Display of Namkhé Nyingpo, Venerable Dharma Ratna

This line refers to Söntar Chönchok Rinpoché, a great renunciant meditator who spent most of his life in mountain hermitages, focusing on nothing but meditation practice without the distractions of any mundane undertakings. He was an emanation of Namkhé Nyingpo, one of Padmasambhava’s twenty-five close disciples. Chönchok is the Tibetan equivalent of the Sanskrit name, Dharma Ratna.

Chönchok Rinpoché was a close dharma friend of Samten Gyatso, but at the same time they were also each other’s guru and disciple. When clearing up doubts regarding his own experiences, Samten Gyatso would turn to Chönchok Rinpoché. My own father, Chimé Dorjé, regarded Chönchok Rinpoché as his root guru, and it is due to Chimé Dorjé’s great kindness that he is included in this supplication to the golden garland of masters in the lineage of Chokling Tersar.

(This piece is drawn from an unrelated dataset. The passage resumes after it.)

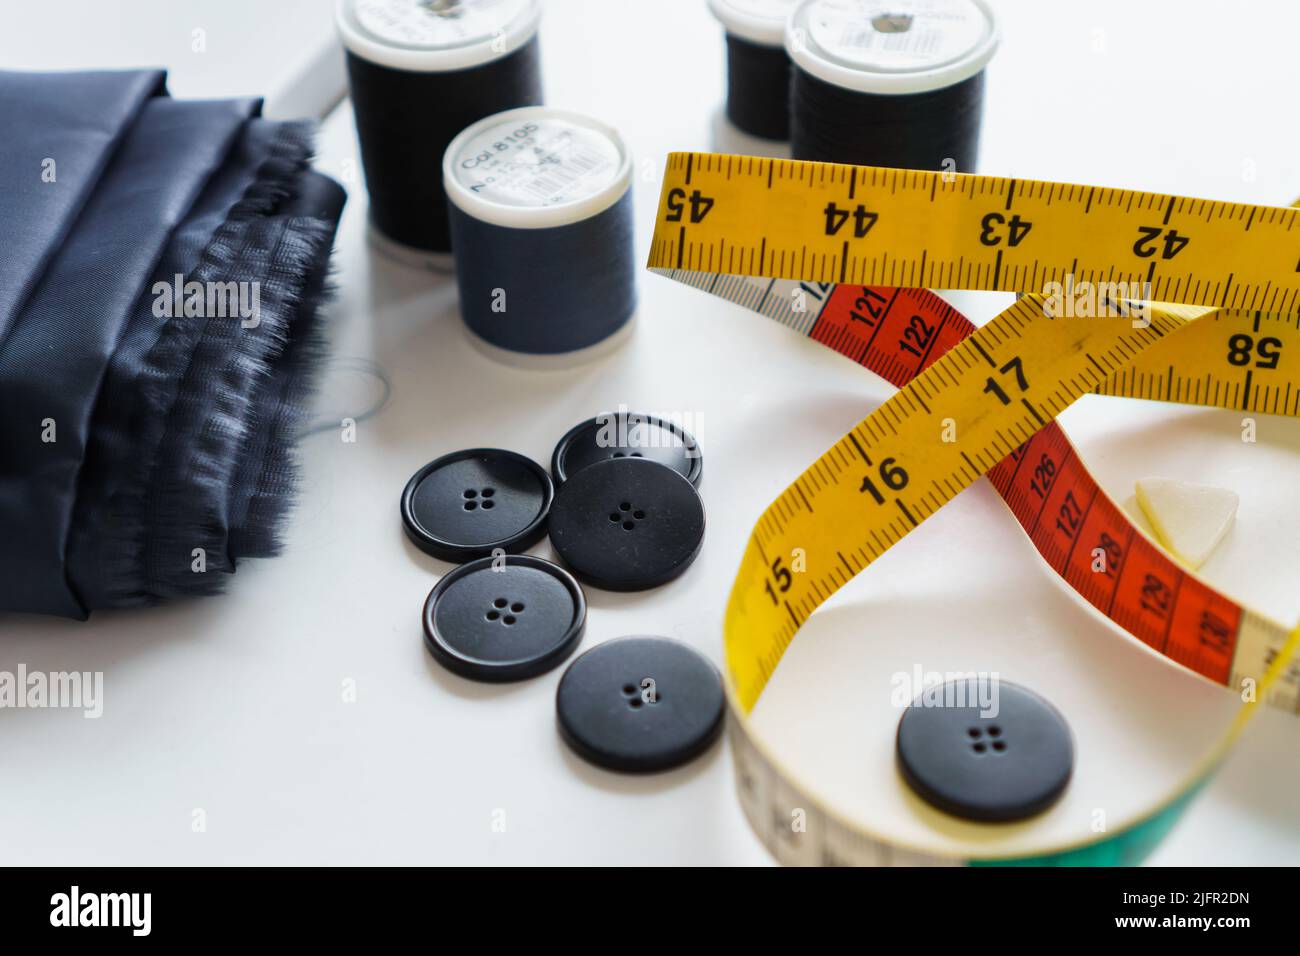 https://c8.alamy.com/comp/2JFR2DN/sewing-items-and-seamstress-tools-tailoring-measuring-tape-rulers-pins-buttons-fabric-2JFR2DN.jpg

Söntar Chönchok spontaneously became a noteworthy realized master. During the latter part of his life, he attained perfection in his meditation training, reaching what is called “the collapse of delusion,” the last of the four visions, and he was said to have arrived at the stage of non-meditation. Samten Gyatso told me that Söntar Chönchok attained a level of realization that corresponds to the rainbow body. Although he didn’t exactly leave in a rainbow body, his body did shrink quite considerably after he died — he had definitely gone beyond delusion. Apparently, when he passed away, there were lights, sounds, relic pills and wondrous rainbow colors in the sky — just like the great Dzogchen scriptures describe. That’s why even Samten Gyatso was amazed.

After Chönchok passed away, my father had a vision of him giving many profound instructions. I can still remember my father’s respect and devotion upon merely hearing his name. His devotion was so deep that he would get all choked up if he had to say his name himself.

Tulku Urgyen Rinpoche in The Great Tertön: The Life and Activities of Chokgyur Lingpa, Lhasey Lotsawa Translations, 2016, pp. 372-73.